が予想に反して、冒頭には長年にわたるきのことの難しい関係が綴られていた。
どうやらマッシさんはきのこが苦手らしい。
戦場から砂漠へとは、なかなか厳しい状況だ。
果たしてこの関係に未来があるのかどうか、先を読み進めてみよう。
どうしてもきのこを好きになれないマッシさんだったけれど、日本に来て間もない頃、あるものと出会ったことで大きく心が揺さぶられはじめる。
こちらが、その出会いの瞬間だ。
ある日スーパーの一角で謎のきのこに遭遇したマッシさんは、一気に驚きと警戒の渦に巻き込まれてしまった。

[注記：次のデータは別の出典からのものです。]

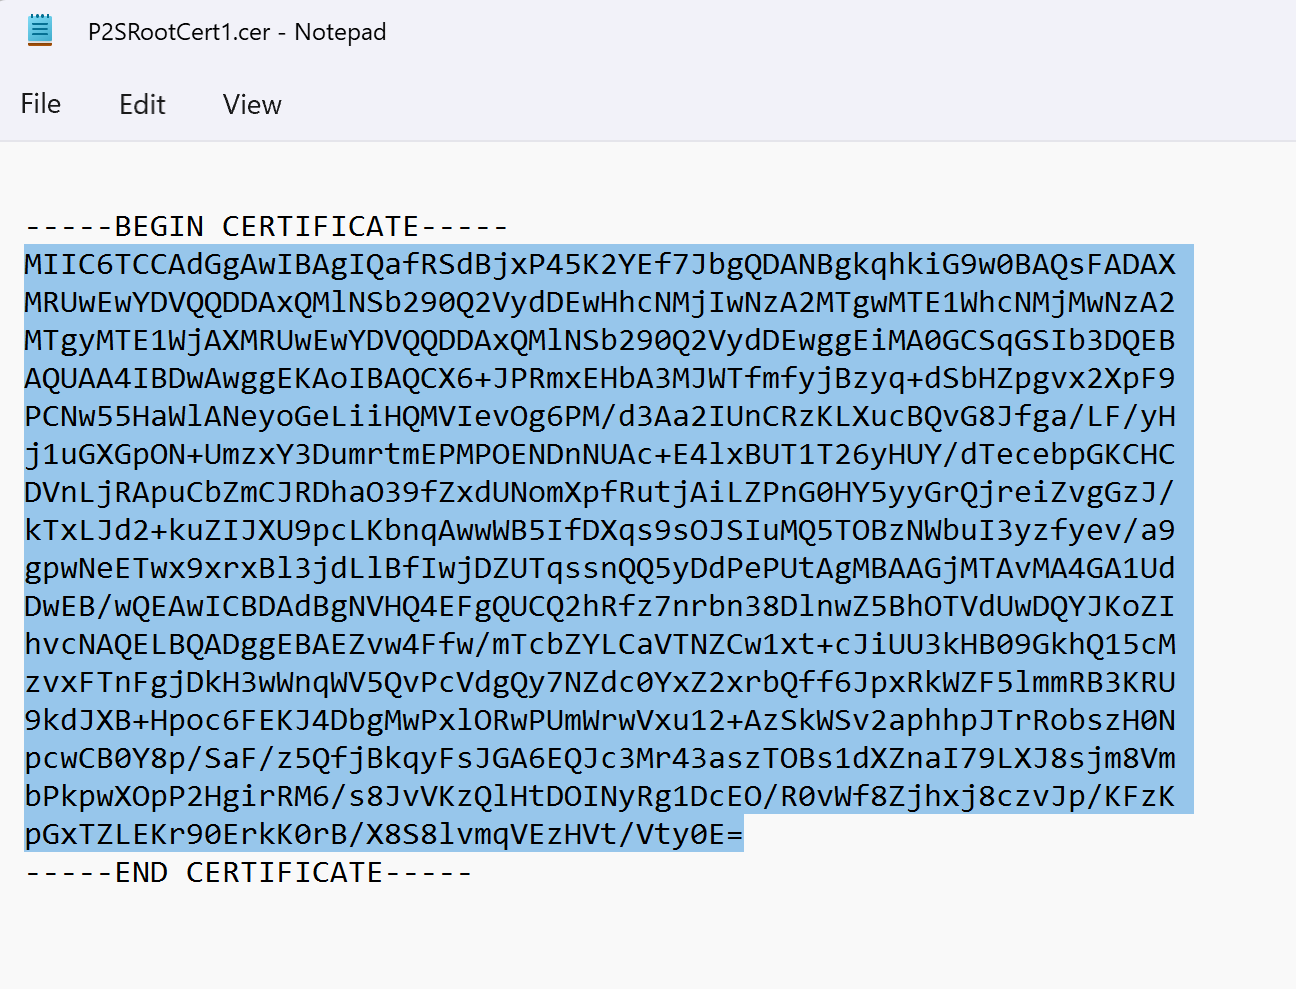 Capture d’écran montrant le fichier CER ouvert dans le Bloc-notes avec les données du certificat mises en évidence.
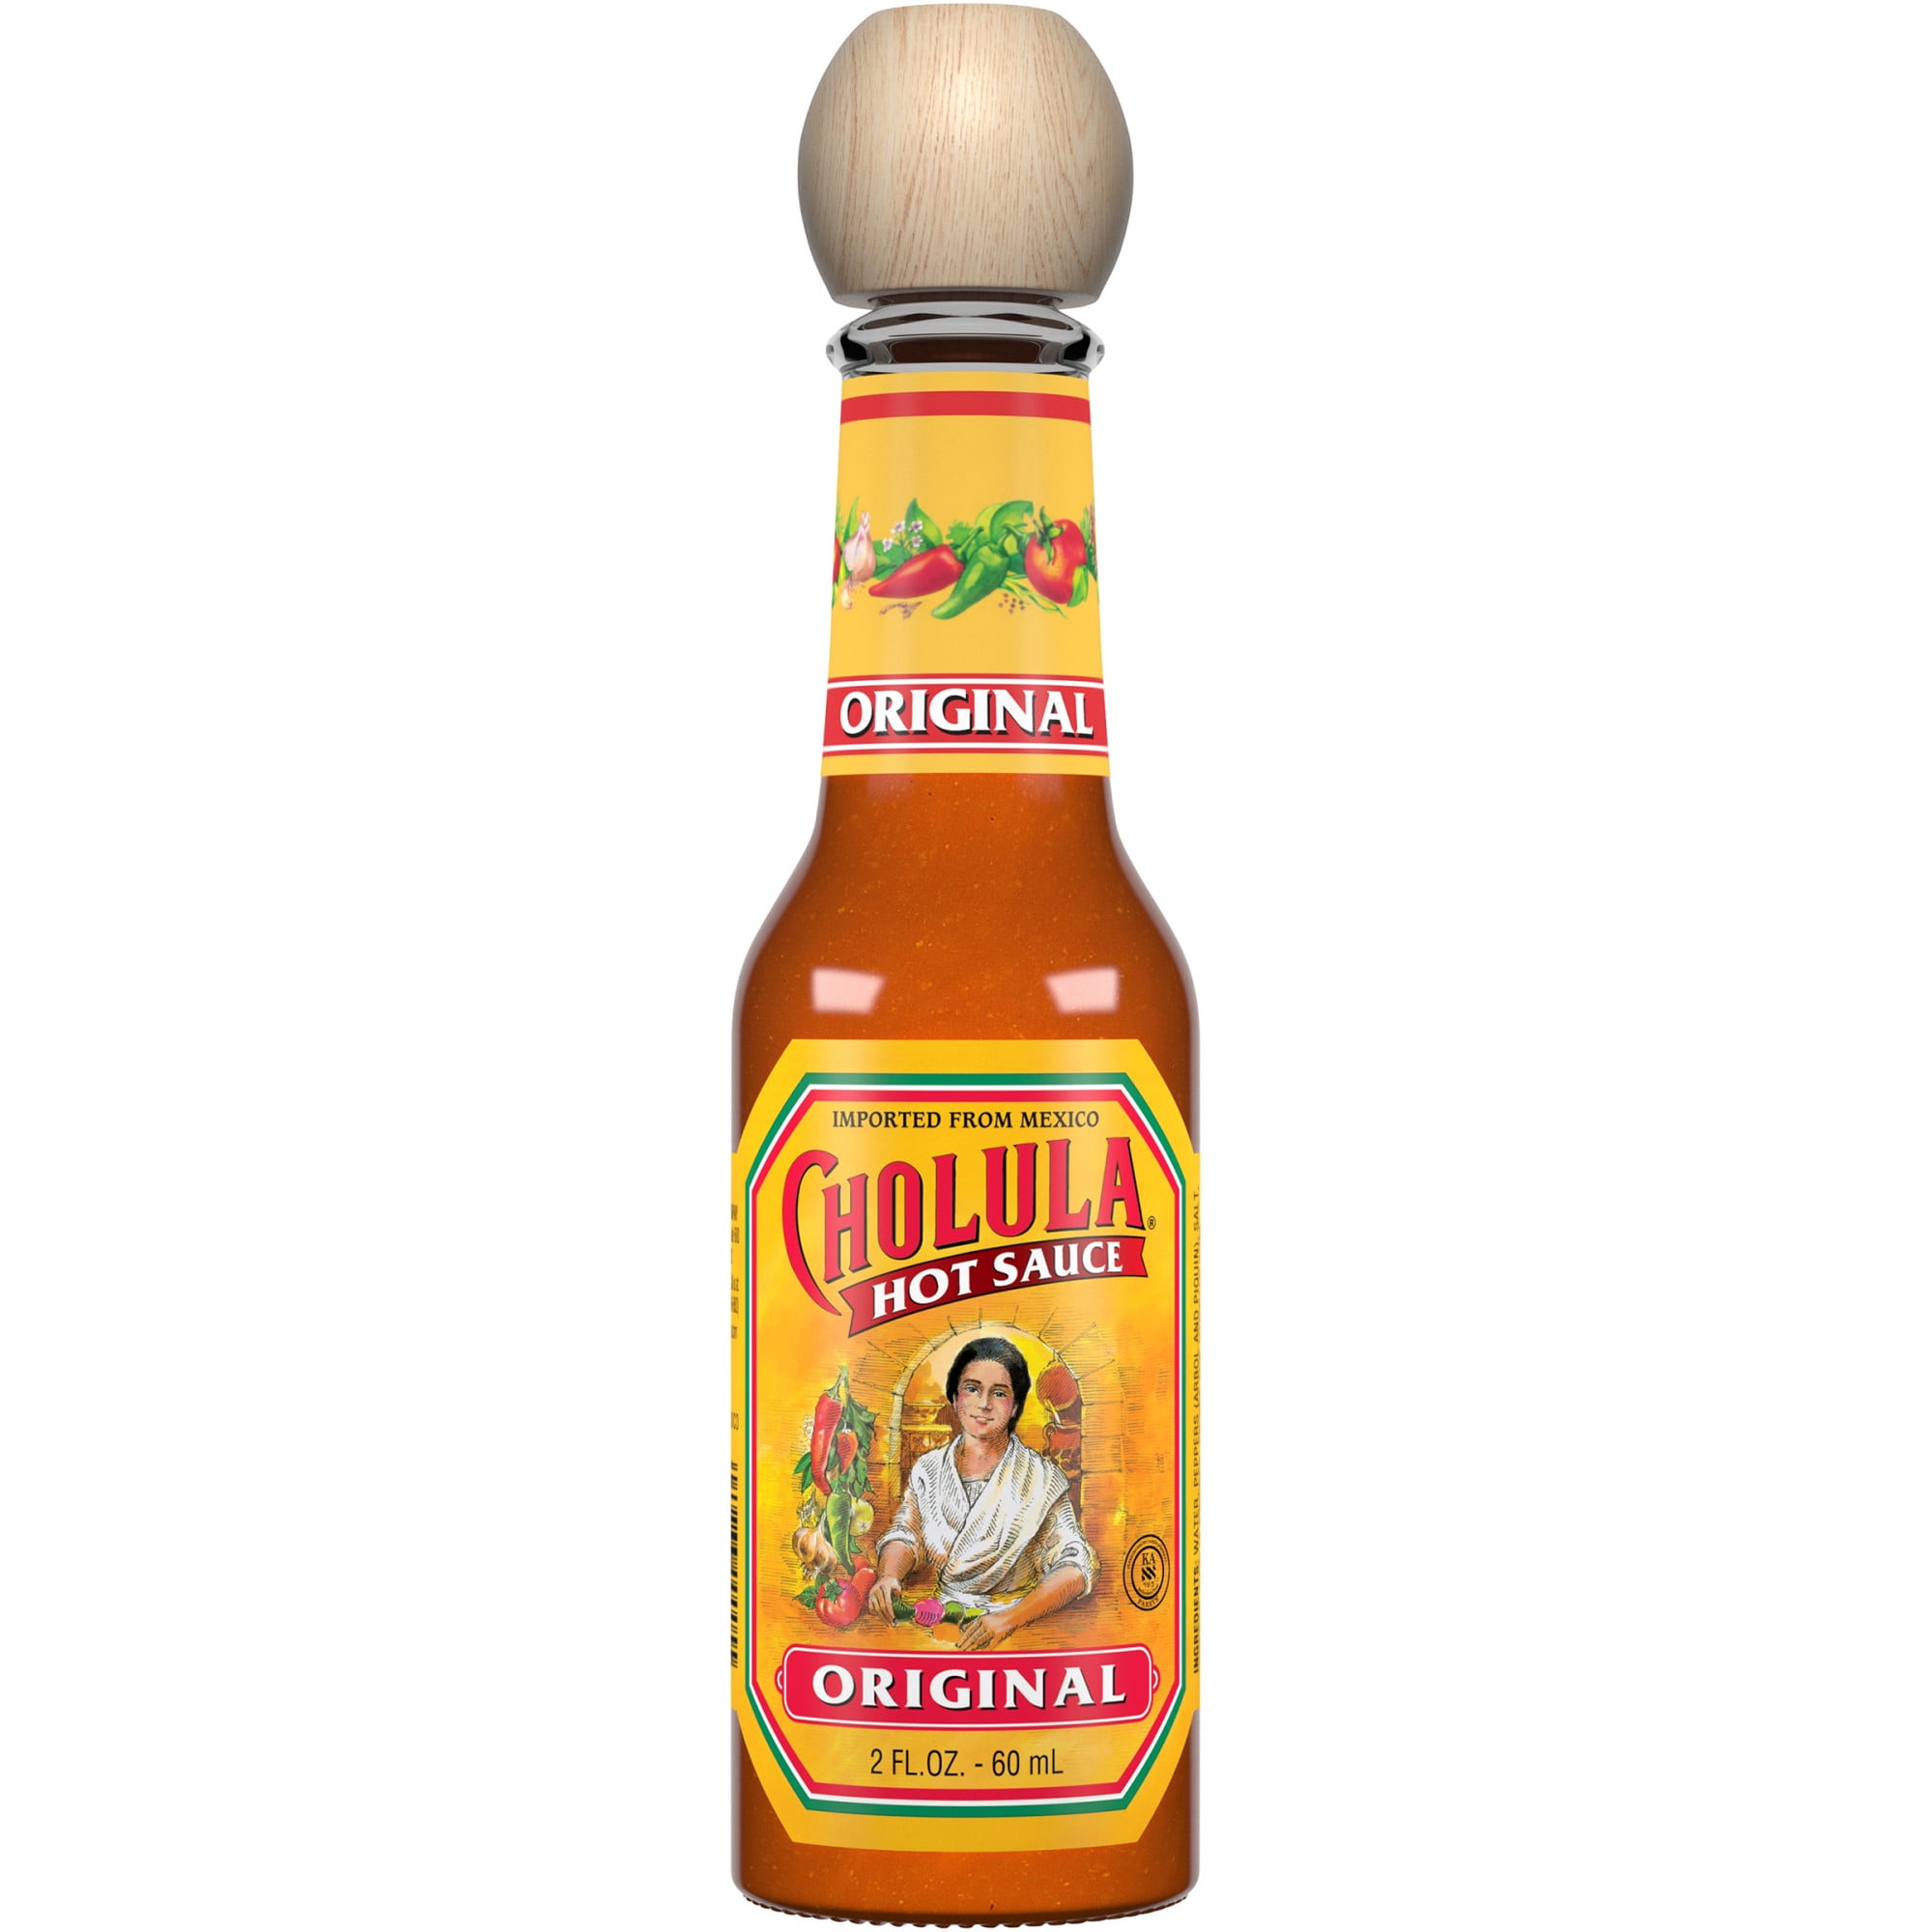 Cholula Original Hot Sauce, 2 fl oz Hot Sauces

確かに、海外に行くと時々ぎょっとする食べ物に出会うことがある。そんな時は誰だって混乱するよね、しかも見た目が嫌いなものだし。
と共感しつつ、自分もふと、昔 台湾のコンビニで痛い目にあったことを思い出した。
・・・
一年中冷たい飲み物が欠かせない常夏の島、台湾。観光で歩き疲れた私達夫婦は、少し涼もうと下町のとあるコンビニに入った。
ミネラルウォーターにはすっかり飽きていたので、私は冷蔵庫の扉を開け緑茶のペットボトルに手を伸ばした。そして一本取り出して支払いを済ませ、その「生茶」風飲料の蓋をあけて一口飲むと…
甘い。
とてつもない違和感が脳に広がった。と同時にすぐさま吐き出したい衝動にかられたけれど、なんとか堪えて飲み込んだ。でも、二口目は到底無理だ。困惑した顔を夫に向け「緑茶が甘い」と告げると(?)という表情をしている。「ちょっと飲んでみて」と私に言われるまま口にふくんだ夫も「うーん…」とうなって無言でキャップを閉じた。
それから台湾滞在中は、ペットボトルのお茶には最大限警戒するようになった。買う時は、目を皿のようにして原材料に「糖」の文字が含まれていないかを必ず確認する。そのお陰で、帰国するまで私達の脳と舌は混乱を免れられたわけである。
何ごとも、用心するに越したことはない。
・・・
と、そんなことを思い出しているうちに、警戒心マックスだったマッシさんは手を震わせながらも「きのこの山」を購入し、帰宅するやいなや、こたつの上にその箱を据え置いてまじまじと向き合っているではないか。
そして、ここからの展開が早かった。
早速、印象激変。
さらに、
速攻、恋愛開始。
それだけに止まらず、恋仲になった「きのこの山」を通して、彼女の好敵手である「たけのこの里」との劇的な出会まで果たしてしまっているではないか。
羨ましいほどドラマティックな展開である。
苦手な相手にでも敢えてぶつかっていくと、こんな心躍るストーリーが始まるのか。
自分の慎重至上主義に、少し影が差してきた。
ところで、マッシさんのエッセイを読むたびに感じることがある。それは、食に対して私達とはかなり異なるタイプのアグレッシブさを持っているということだ。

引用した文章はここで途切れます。